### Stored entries
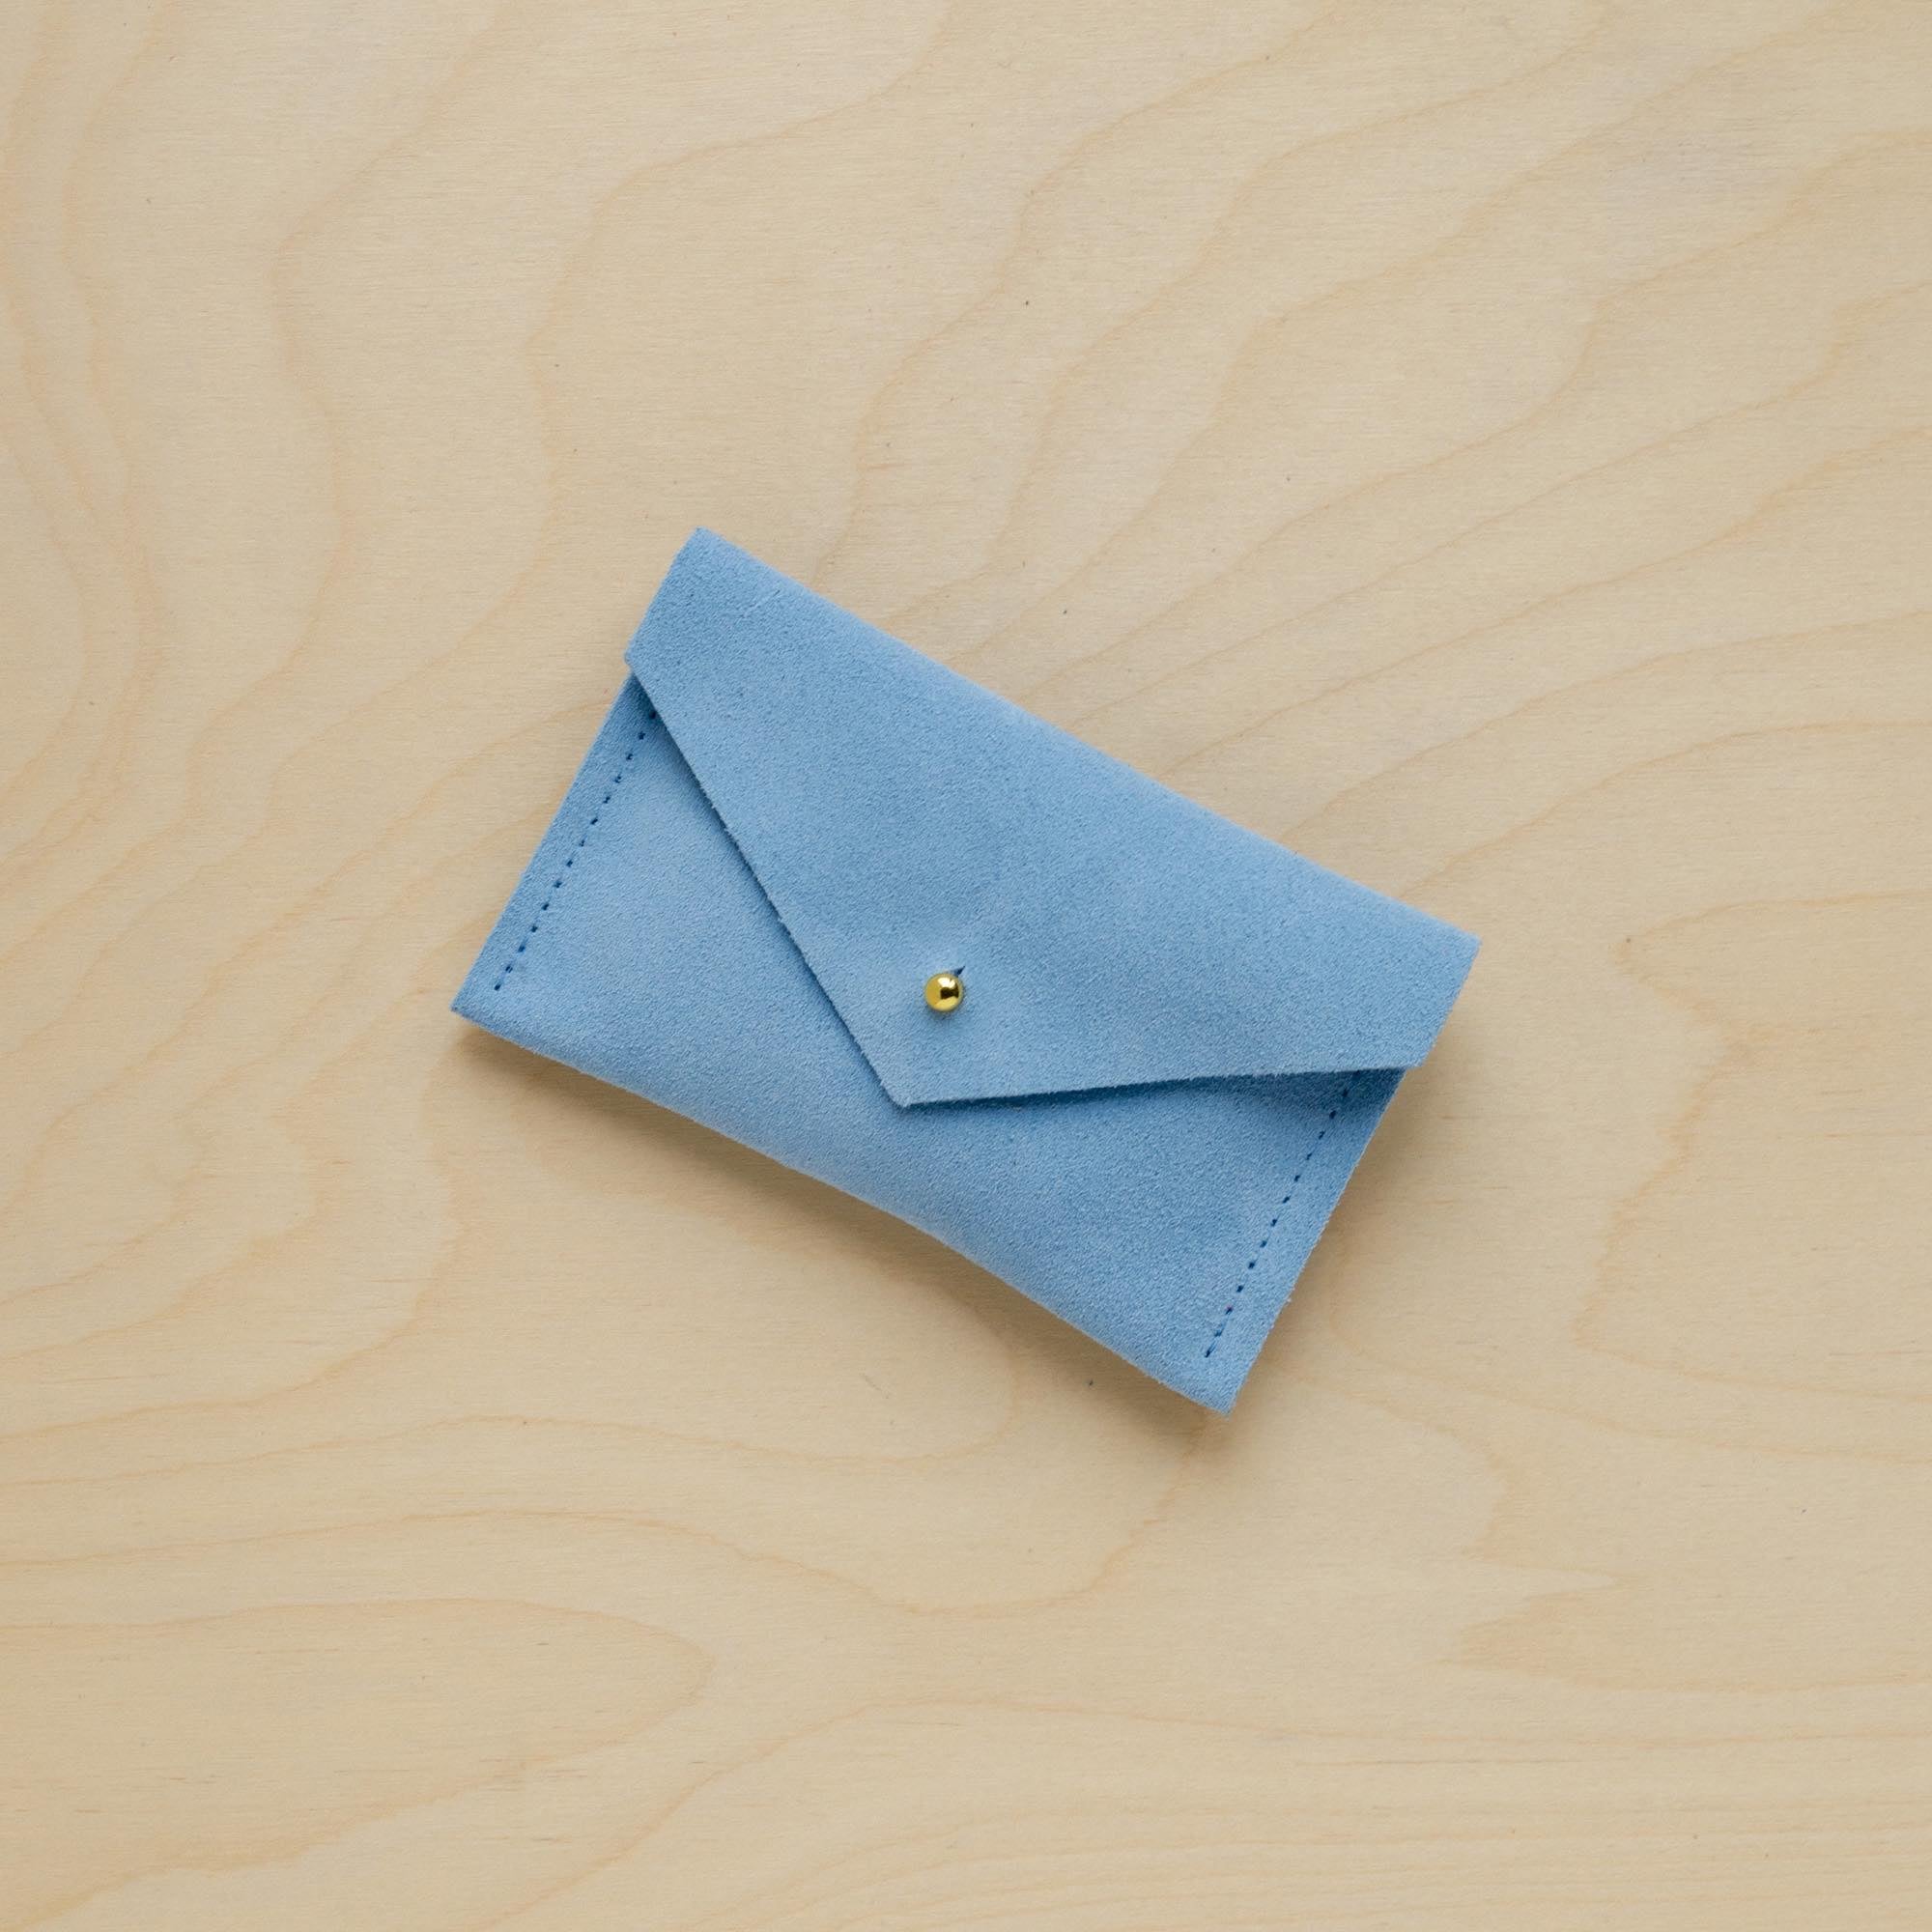 A suede Small Notions Pouch in Pale Blue. Complete with a stud for secure closing.
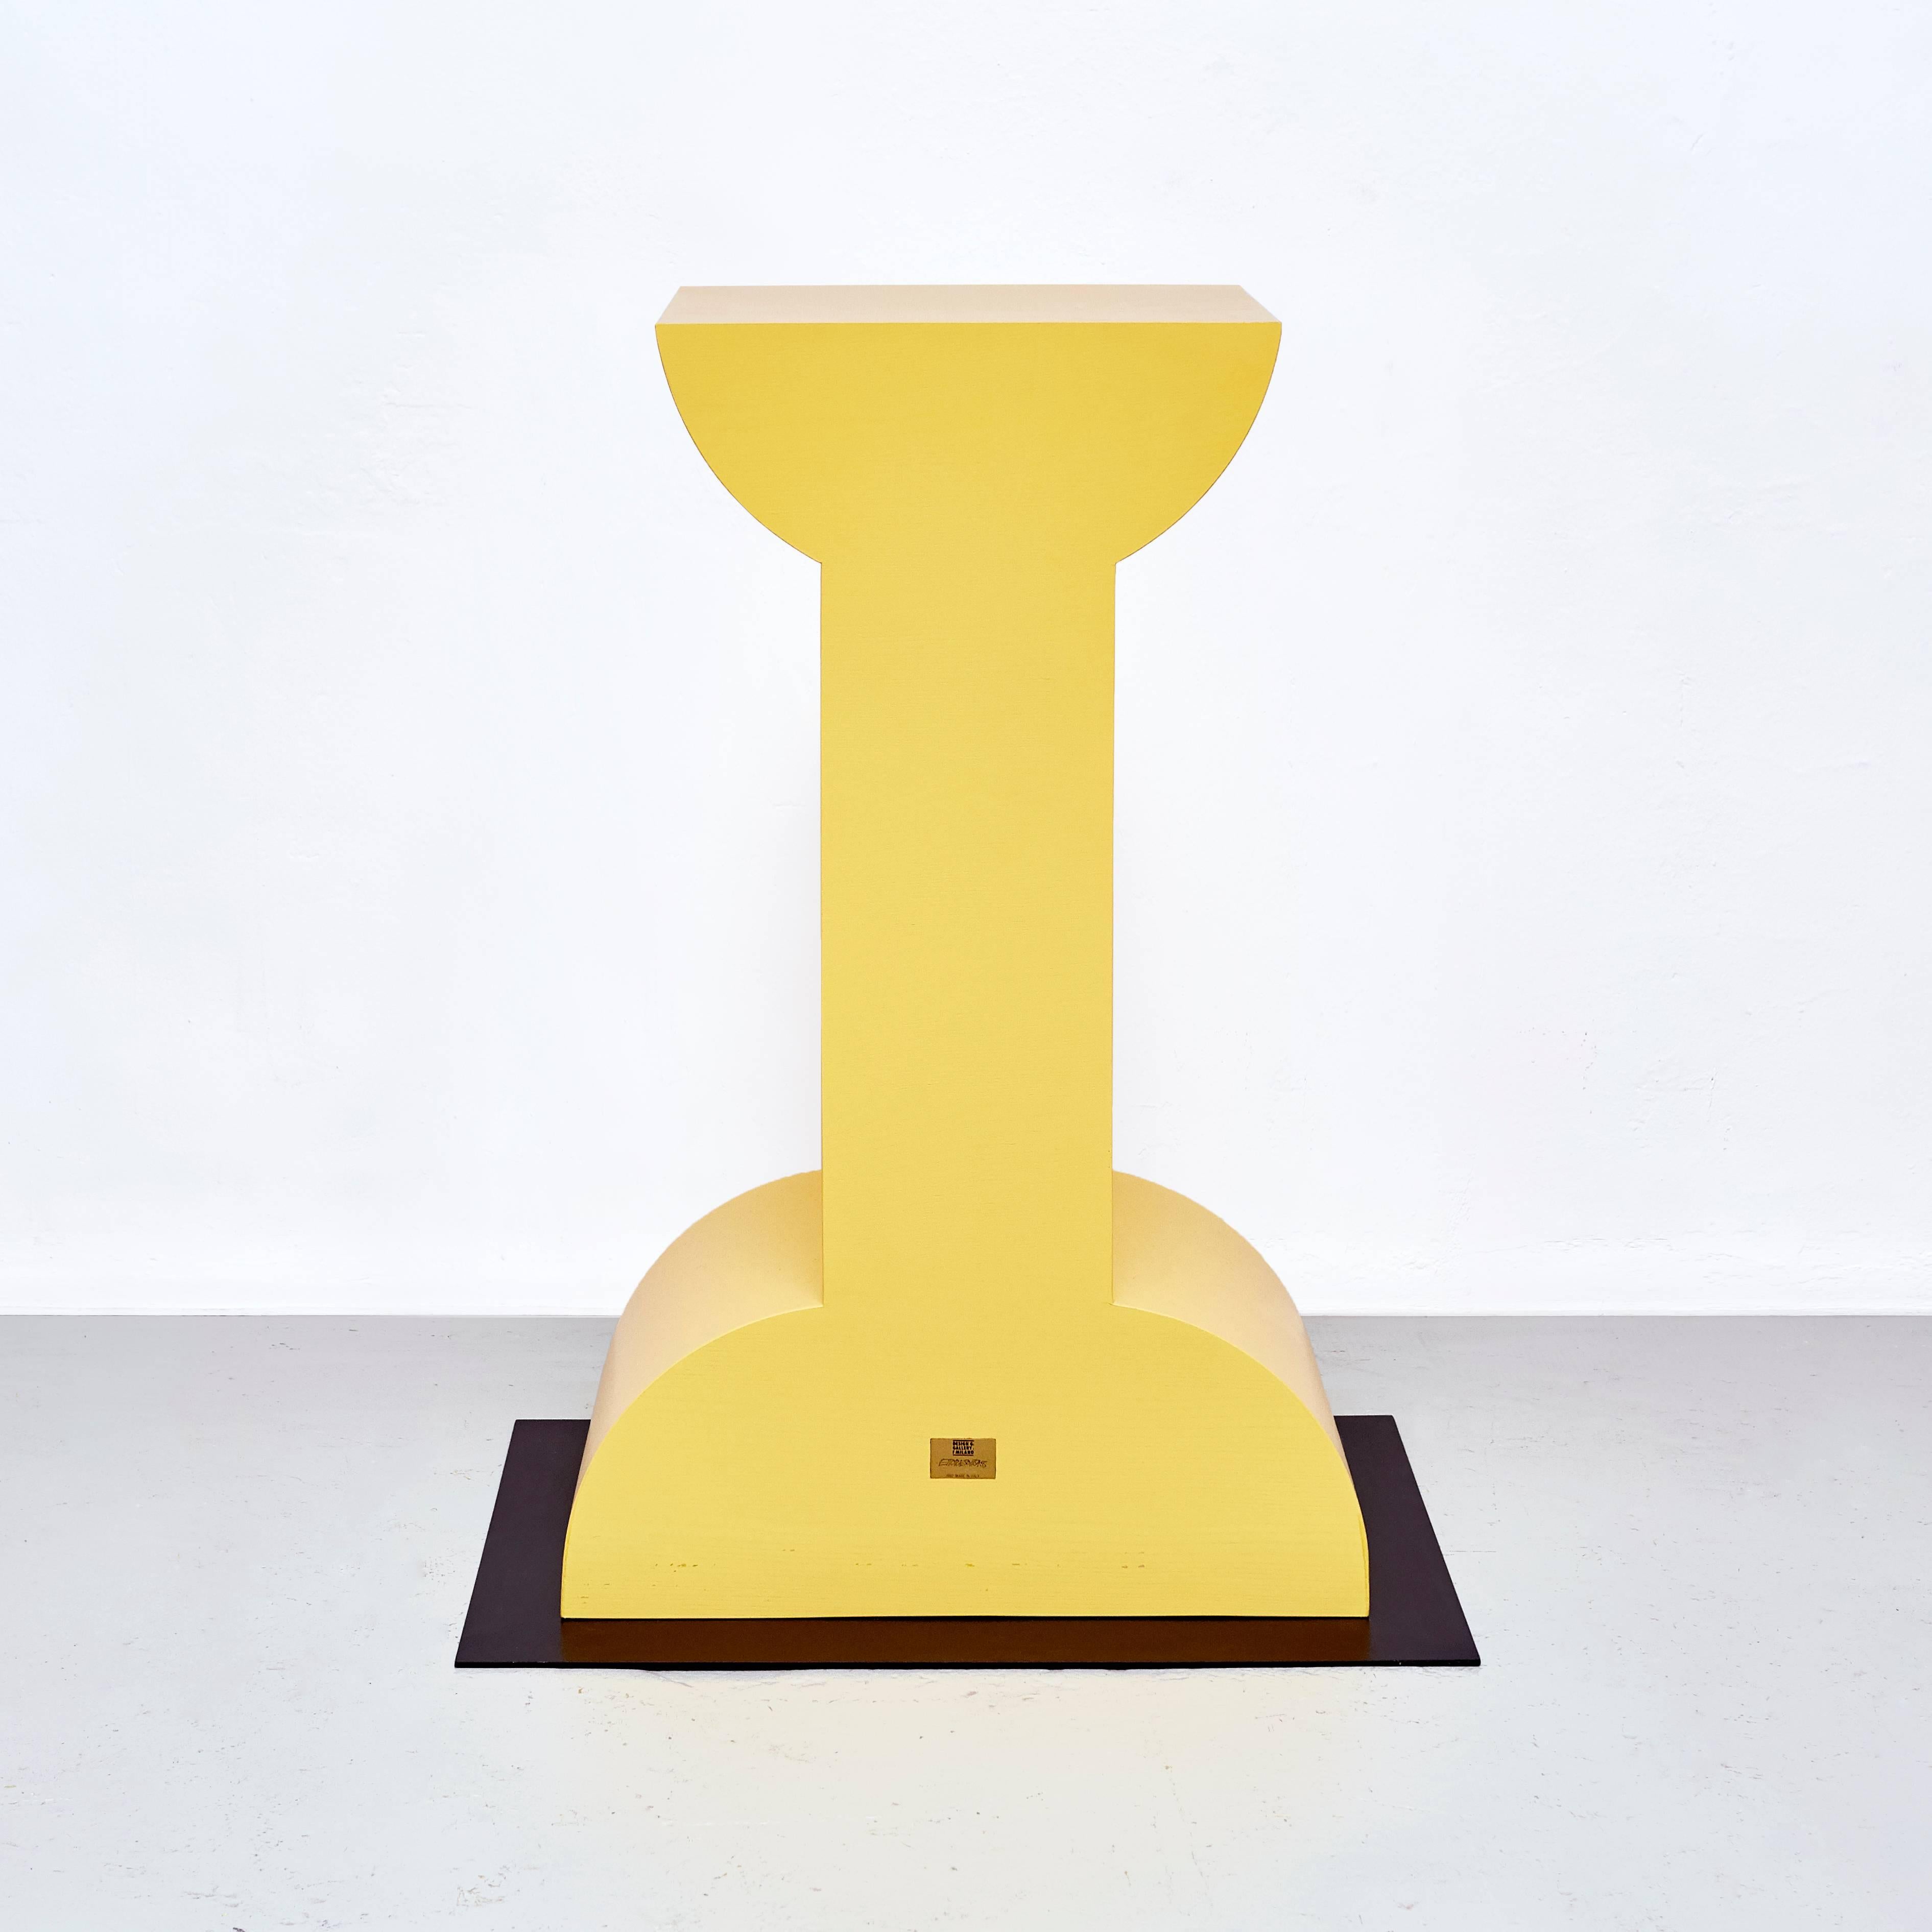 Pedestal Missionario designed by Ettore Sottsass in 1992 edited by Design Gallery Milano.

With metal plaque “design/gallery/milano/Ettore Sottsass/1992 made in Italy.” From the Ruins collection.

Wood, metal.

In original condition, with wear
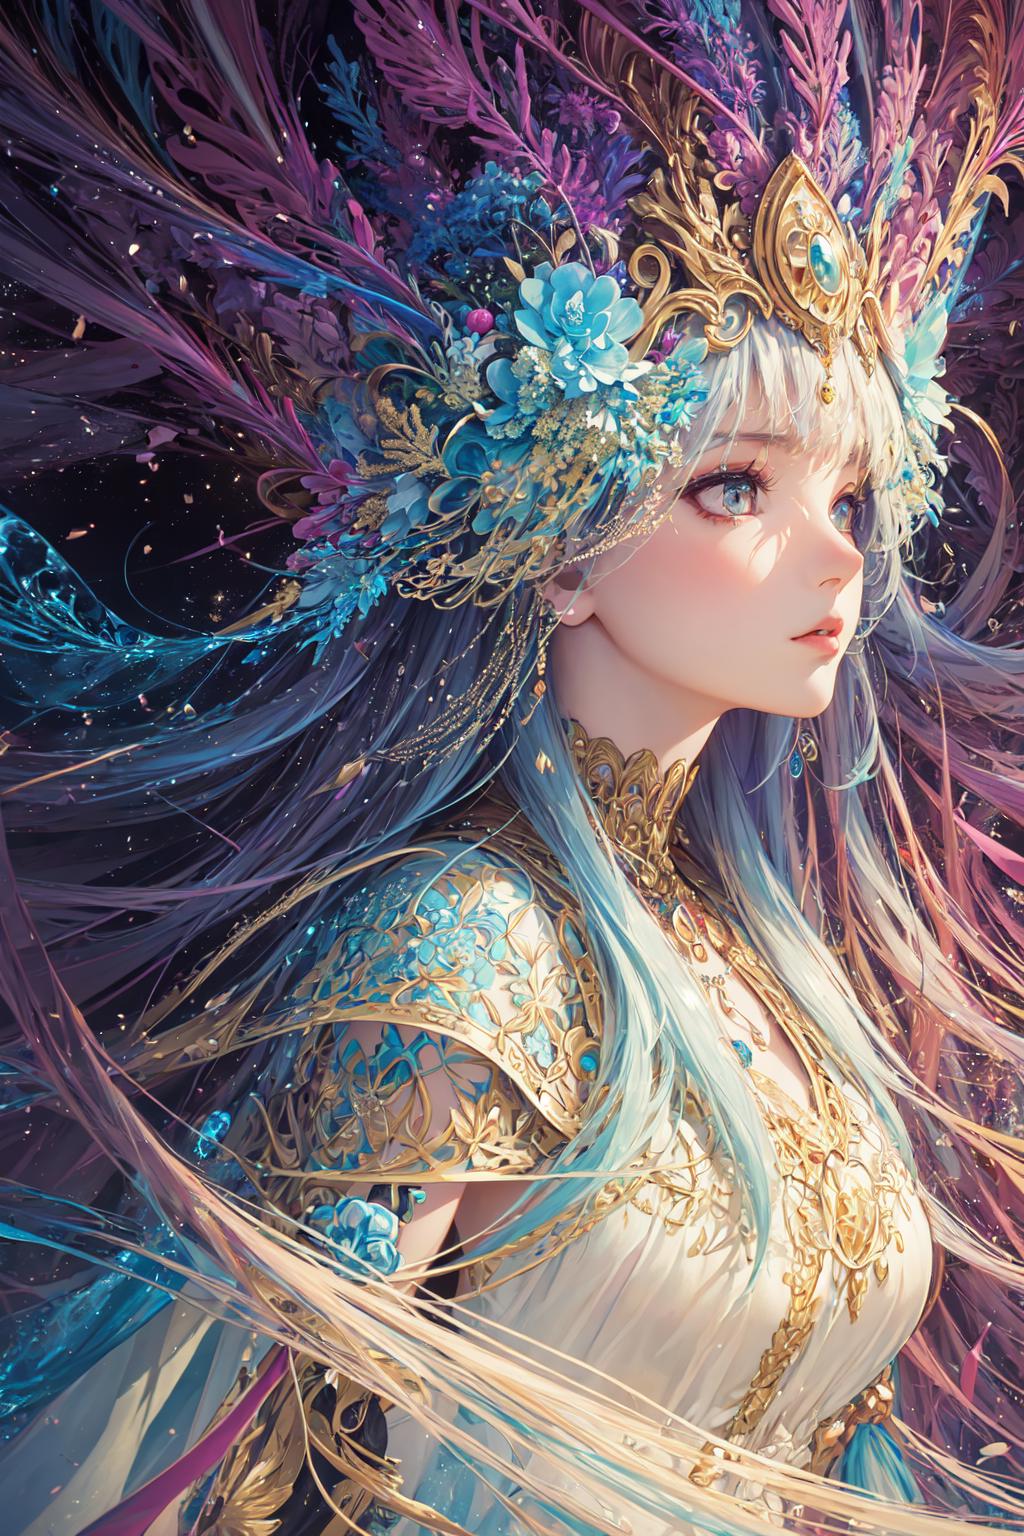 A beautifully drawn illustration of a woman with blue eyes, blue hair, and a crown of flowers.

### THE PROBLEM
In the answer, include exactly the lines from the one containing "Wood, metal." through the end of the records above and no pictures at all.

### ANSWER TO THE EXERCISE
Wood, metal.

In original condition, with wear
 A beautifully drawn illustration of a woman with blue eyes, blue hair, and a crown of flowers.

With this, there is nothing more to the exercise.